В процессе создания наложенной гистограммы с данными в широком формате я заметил, что мои значения для гистограммы удваиваются.
Быстрое решение состояло в том, чтобы просто разделить значения на 2.
Но что именно происходит под капотом, из-за чего это происходит?
# Data
status <- c("Infected","Not Infected")
female <- c(0.3,0.7)
male <- c(0.8,0.2)
# Colors
dark <- '#008AFE' # blue
lightest <-'#CCE8FF'
light_accent <-'#FFCB93' #peachy
lightest_accent <- '#FFE5C9'
df <- data.frame("Covid" = status,"female_perc" = female, "male_perc" = male)
gender_claim <- ggplot() +
geom_col(data = df,
mapping= aes(x = c("Male"), y = male_perc[2]/2),
fill = light_accent, width = .25) +
geom_col(data = df,
mapping= aes(x = c("Male"), y = male_perc[1]/2),
fill = lightest, width = .15) +
scale_y_continuous(limits = c(0, 1), breaks = seq(0, 1, by = .25),
labels = function(y) paste0(round(y*100,0),"%"),
seq(0, 1, by = .25),expand = expansion(mult = c(0, 0))) +
geom_col(data = df,
mapping= aes(x = c("Female"), y = female_perc[2]/2),
fill = lightest_accent, width = .25) +
geom_col(data = df,
mapping= aes(x = c("Female"), y = female_perc[1]/2),
fill = dark, width = .15) +
coord_flip()





ggplot использует ваш фрейм данных. Когда вы используете geom_col(data = df, ...), geom_col попытается нарисовать геометрию для каждой строки df. Вы явно устанавливаете, что x = "Male" и y male_perc[2]/2, и эти отдельные значения будут перерабатываться для каждой строки фрейма данных.
Это то же самое, что:
ggplot(data = data.frame(x = c(1, 2, 3, 4)) +
geom_line(aes(x = x, y = 1))
Я даю ggplot фрейм данных с 4 строками. Я говорю это y = 1, поэтому значение y1 перерабатывается и применяется ко всем 4 рядам. Ваши x = "Male" и y = male_perc[2]/2 будут переработаны во всех двух строках данных.
По умолчанию geom_col будет накладывать перекрывающиеся значения друг на друга. Так вот как ваши данные удваиваются.
Лучше, чем делить на 2, вы можете использовать position = "identity", чтобы ничего не складывалось. Более того, поместите свои данные в длинный формат и используйте эстетические сопоставления.
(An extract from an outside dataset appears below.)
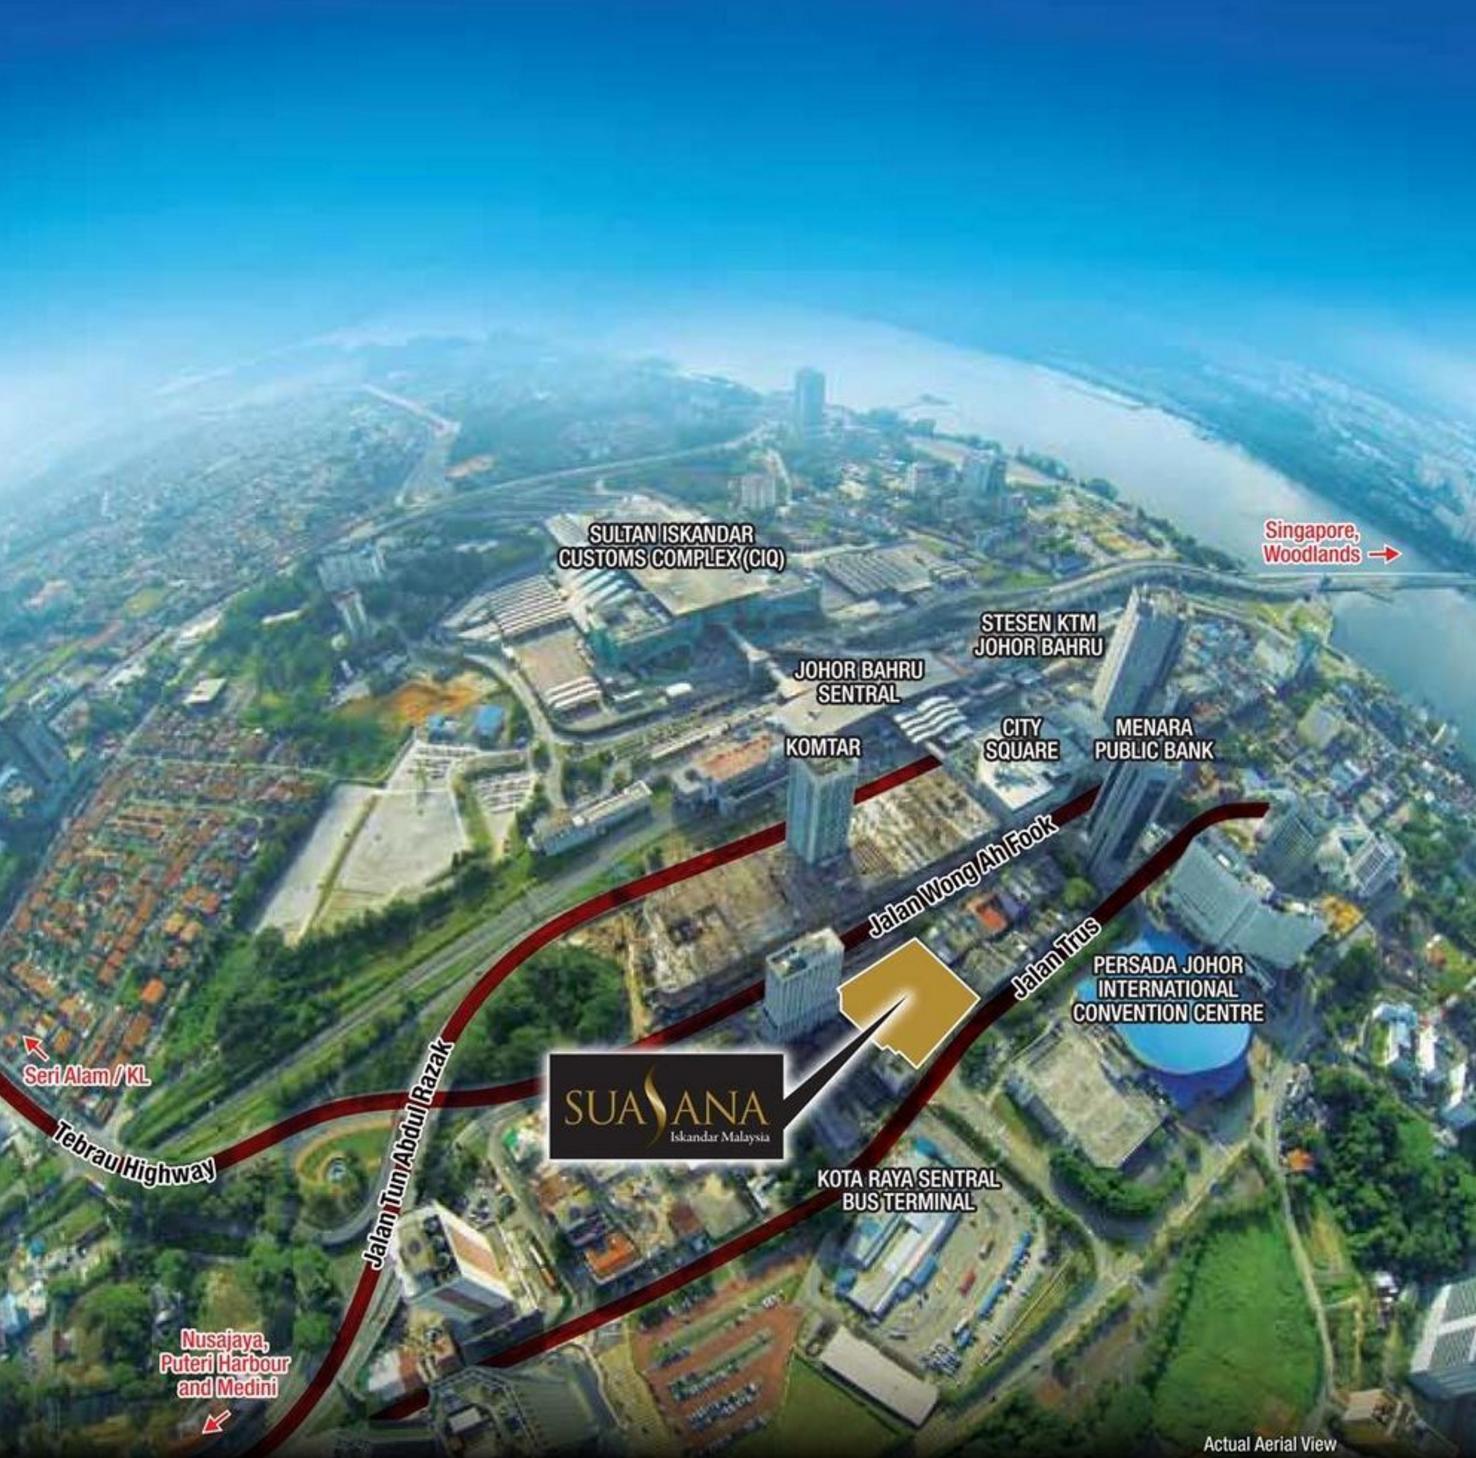 suasana-iskandar-malaysia-skyview
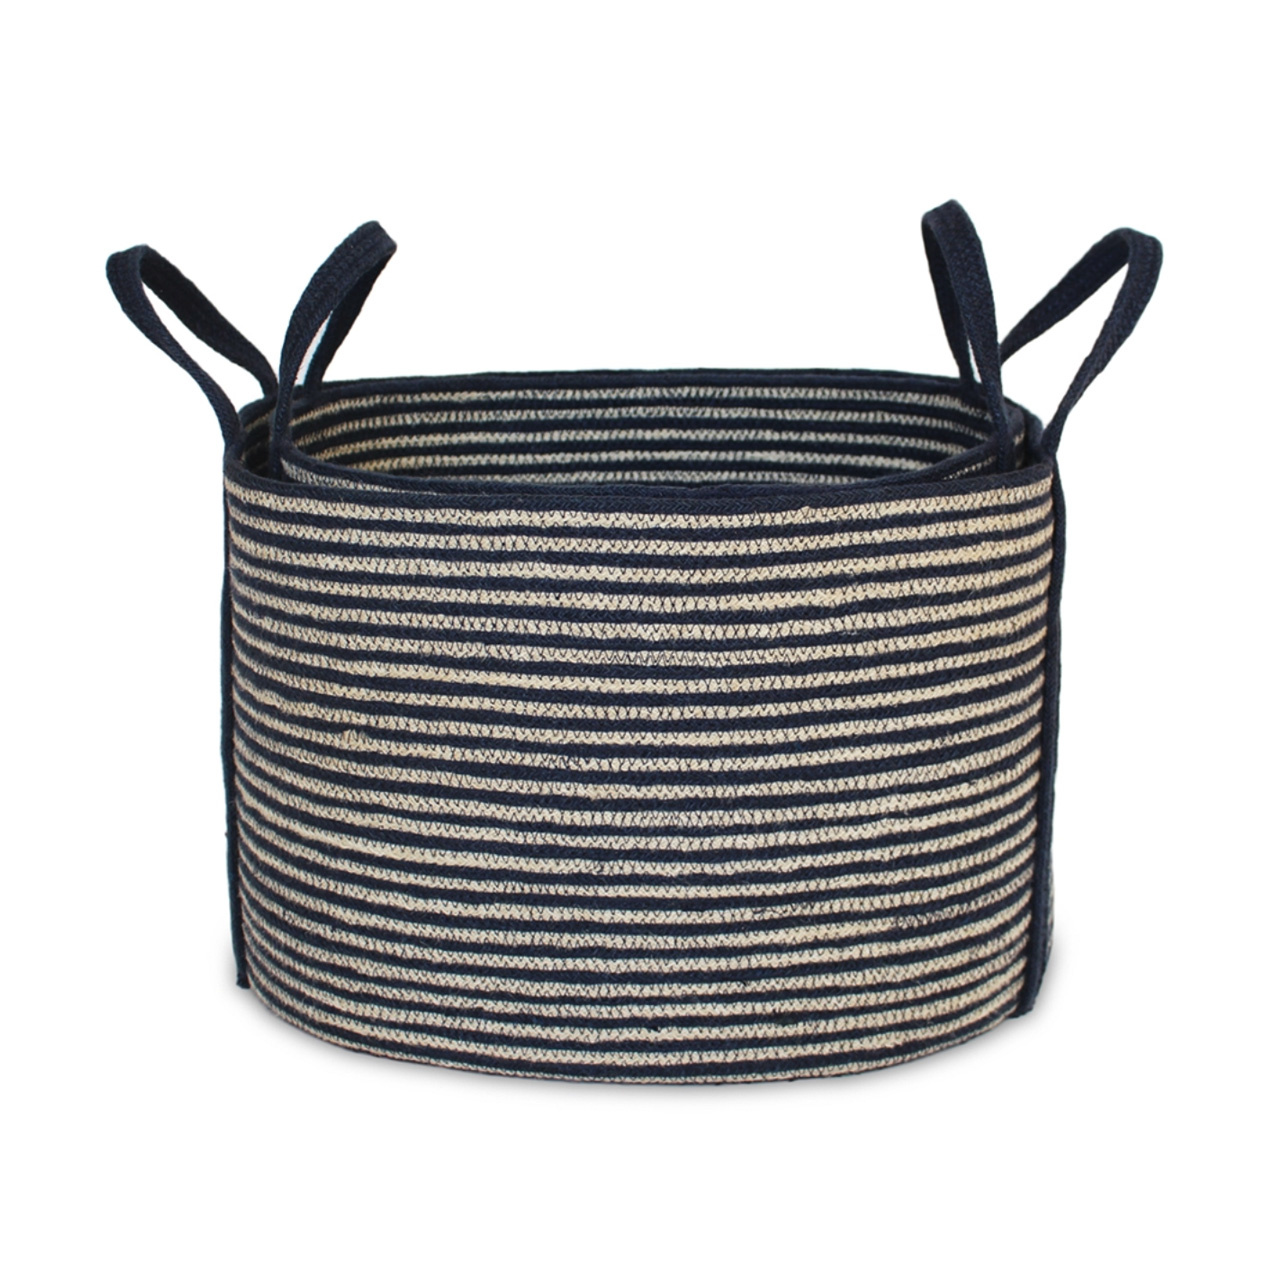 Jute Oval Tote Laundry Basket - Large-2

Чтобы расширить поясняющий ответ от Грегора Томаса, вот пример того, как повернуть ваши данные и построить их:
df %>%
pivot_longer(
-Covid,
values_to = "fraction",
names_to = c("sex", "type"),
names_sep = "_"
) %>%
ggplot(aes(x = sex, y = fraction, fill = Covid)) +
geom_col(position = "dodge")
Здесь pivot_longer берет информацию о поле, встроенную в имена столбцов вашего исходного data.frame, и делает их доступными для ggplot в качестве переменной, чтобы вы могли программно получить к ним доступ и заставить свой график реагировать на них.
«Аккуратное» решение с более ручным управлением эстетикой каждого бара для достижения желаемого внешнего вида:
df %>%
pivot_longer(
-Covid,
values_to = "fraction",
names_to = c("sex", "type"),
names_sep = "_"
) %>%
arrange(desc(Covid)) %>%
ggplot(aes(x = sex, y = fraction, group = Covid)) +
geom_col(position = "identity", aes(width = rep(c(0.25, 0.15), each = 2), fill = letters[1:4]), alpha = 1) +
scale_fill_manual(values = c(lightest_accent, light_accent, dark, lightest)) +
scale_y_continuous(limits = c(0, 1), breaks = seq(0, 1, by = .25),
labels = function(y) paste0(round(y*100,0),"%"),
seq(0, 1, by = .25),expand = expansion(mult = c(0, 0))) +
theme(legend.position = "none") +
coord_flip()
Обратите внимание, что здесь вызов arrange строит полосу в нужном порядке, поэтому последние в data.frame отображаются последними и идут вверху. width и fill необходимо установить вручную, чтобы они соответствовали желаемому порядку.
@Bjc51192 Bjc51192 - Только что обновил свой ответ с некоторыми изменениями, чтобы он выглядел как ваш оригинал. Конечно, чтобы получить такой уровень ручного управления, код становится немного громоздким, но я думаю, что он все же значительно более удобочитаем, удобен в сопровождении и обобщаем, чем оригинал.
На самом деле я сделал это немного иначе, используя фильтрацию. Но твой ответ помог.
Проблема, которую я вижу, заключается в том, что я потерял бы гибкость в настройке каждого столбца на гистограмме наложения.